I have my Response variable which is Proportion of Range Exposed to extreme events for terrestrial mammal species in the future. More clearly, it is the Difference of Proportion of Range Exposed (DPRE) from historical period to future green gases emission scenarios (it is a measure of the level of increase/decrease of percentage of range exposed): it means that my response variable goes from -1 to 1 (where +1 implies that the range will experience a +100% increase in the proportion of exposure: from 0% in historical period, to 100% in the future scenario).
As said, I am analyzing these differences for all terrestrial mammals (5311 species, across different scenarios and for two time periods, near future (means of 2021-2040) and far future (means of 2081-2100). So, my Explicative variables are:
- 3 Scenarios of green gas emissions (Representative Concentration Pathways: RCP2.6, RCP4.5 and RCP8.5);
- Time Periods (Near Future and Far Future): NF and FF;
- Species: 5311 individuals.
I am not so expert in statistics , so I'm not sure which of the two suggestions I recieved:
- Friedman test with Species as blocks (but in which I should somehow do a nested model, with RCPs as groups, nested within TimePeriods; or a sort of two way Friedman, with RCP and TimePeriod as the two different factors).

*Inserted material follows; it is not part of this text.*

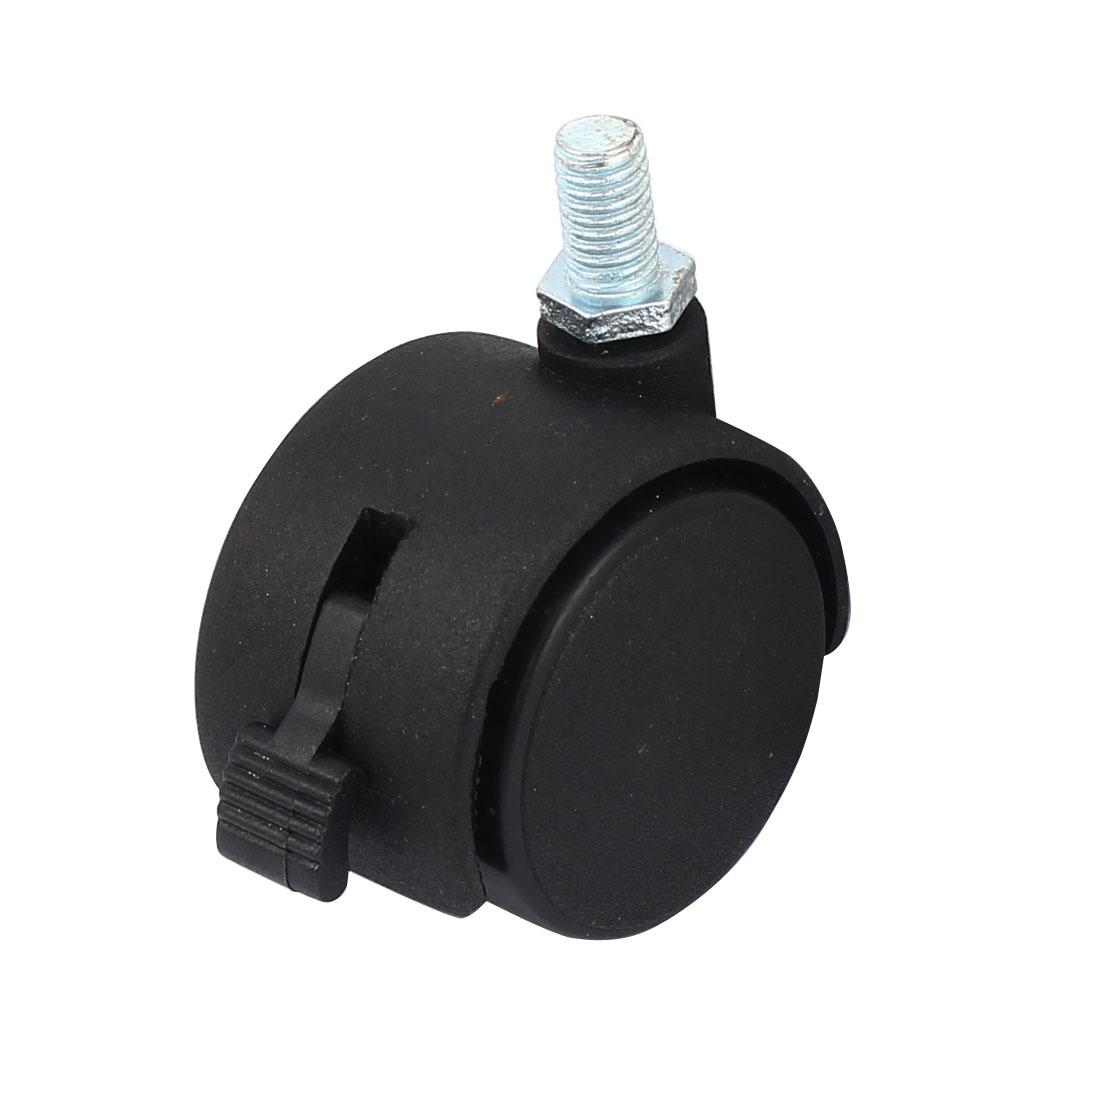 8mm Threaded Stem 1.5 Inch Dia Double Wheel Screw on Type Swivel Locking Brake Caster 4 Pcs

- Linear Mixed Models with RCP*TimePeriod as fixed effects, and (TimePeriod | Species ) as random effects.
I run t-test, and all distribution result to be not normal, this is why I was suggested to use Friendman instead of ANOVA; I run pairwise Wilcoxon Rank Sum test and in this case I found significative differences from NF and FF for all RCPs. I have to say I run 3 Wilcoxon, one for every RCP, so maybe a third option would be to create 3 different models, one for every RCP, but this would also go away from the standard analysis of "repated measures" for Friedman test.

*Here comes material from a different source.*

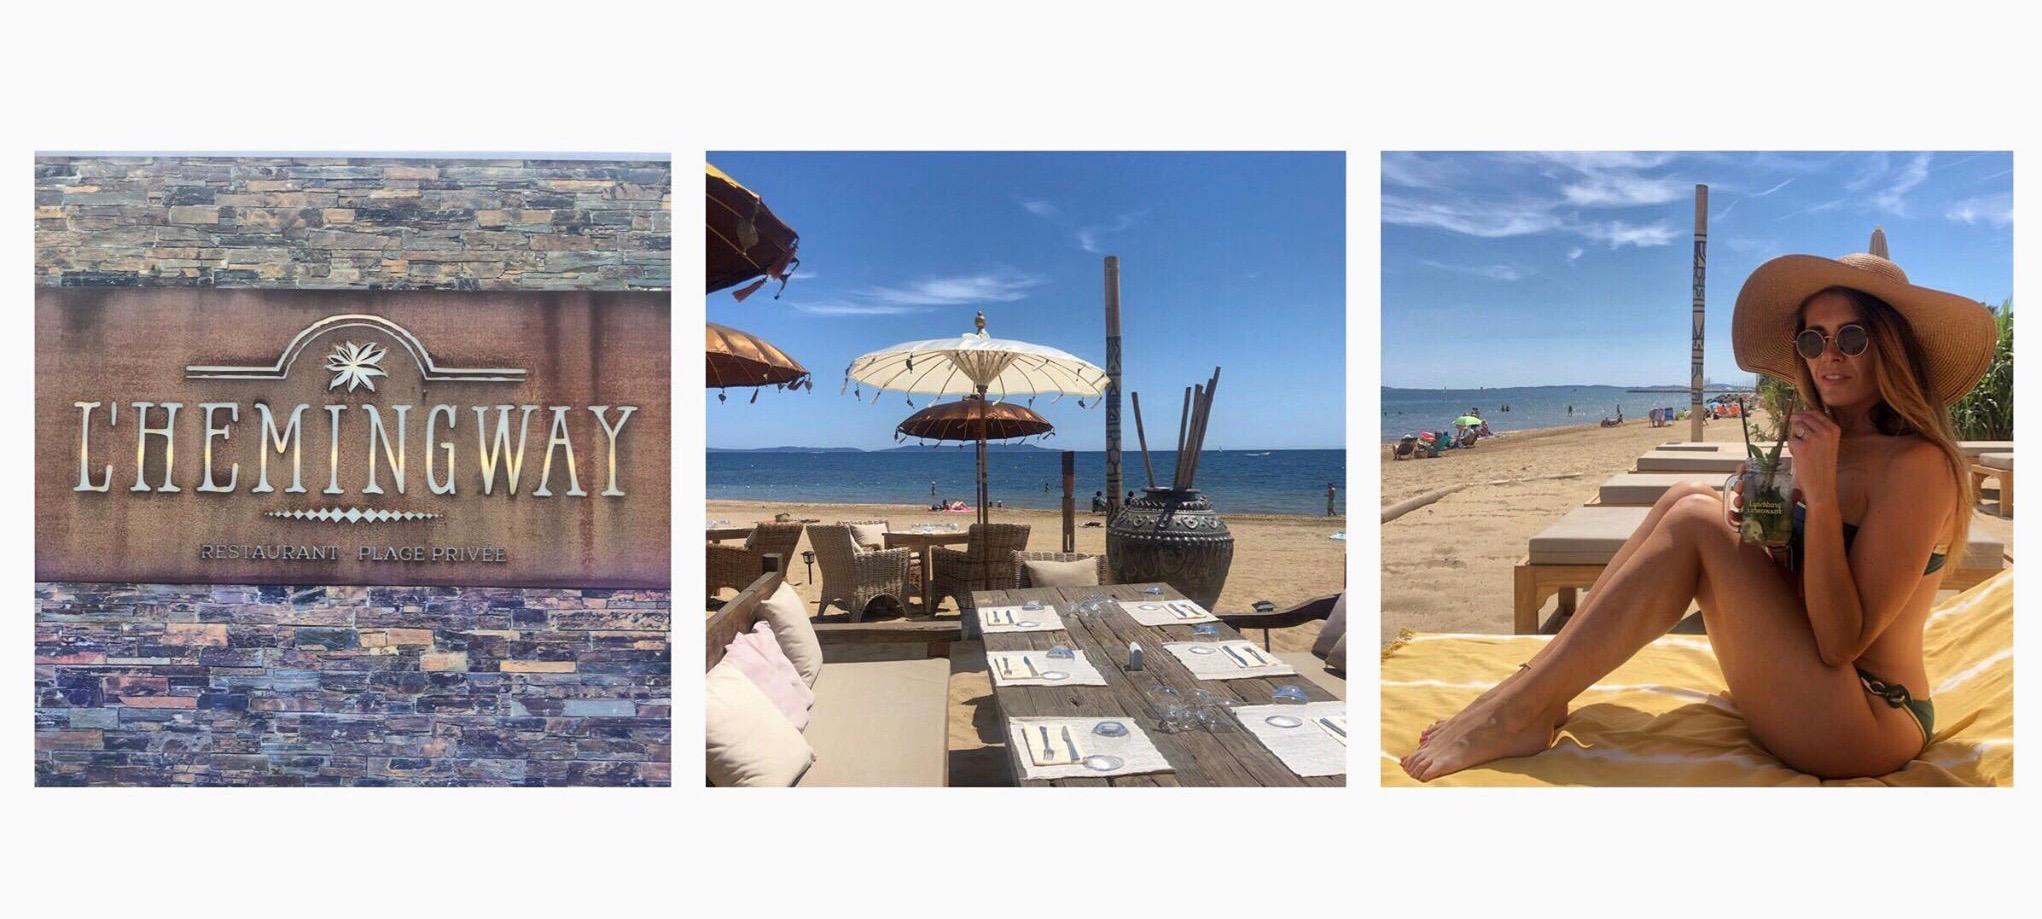 restaurant l'Hemingway plage privée var

Last consideration: I have to run Another model, where the Response variable is the Difference of Proportion of Subrange Exposed. In this case, other Explicative variables are mantained, but in this case analysis is not global but takes in consideration the difference that could be present across 14 IUCN Biomes. So every analysis is made across RCPs, for NF and FF and for all Biomes. Should I create and run 14 (biomes) x 3 (RCPs) x 2 (Time Periods) = 84 models, in this case? OR a sort of double nested (Time Periods and Biomes) model?
If necessary I can provide the large dataframe.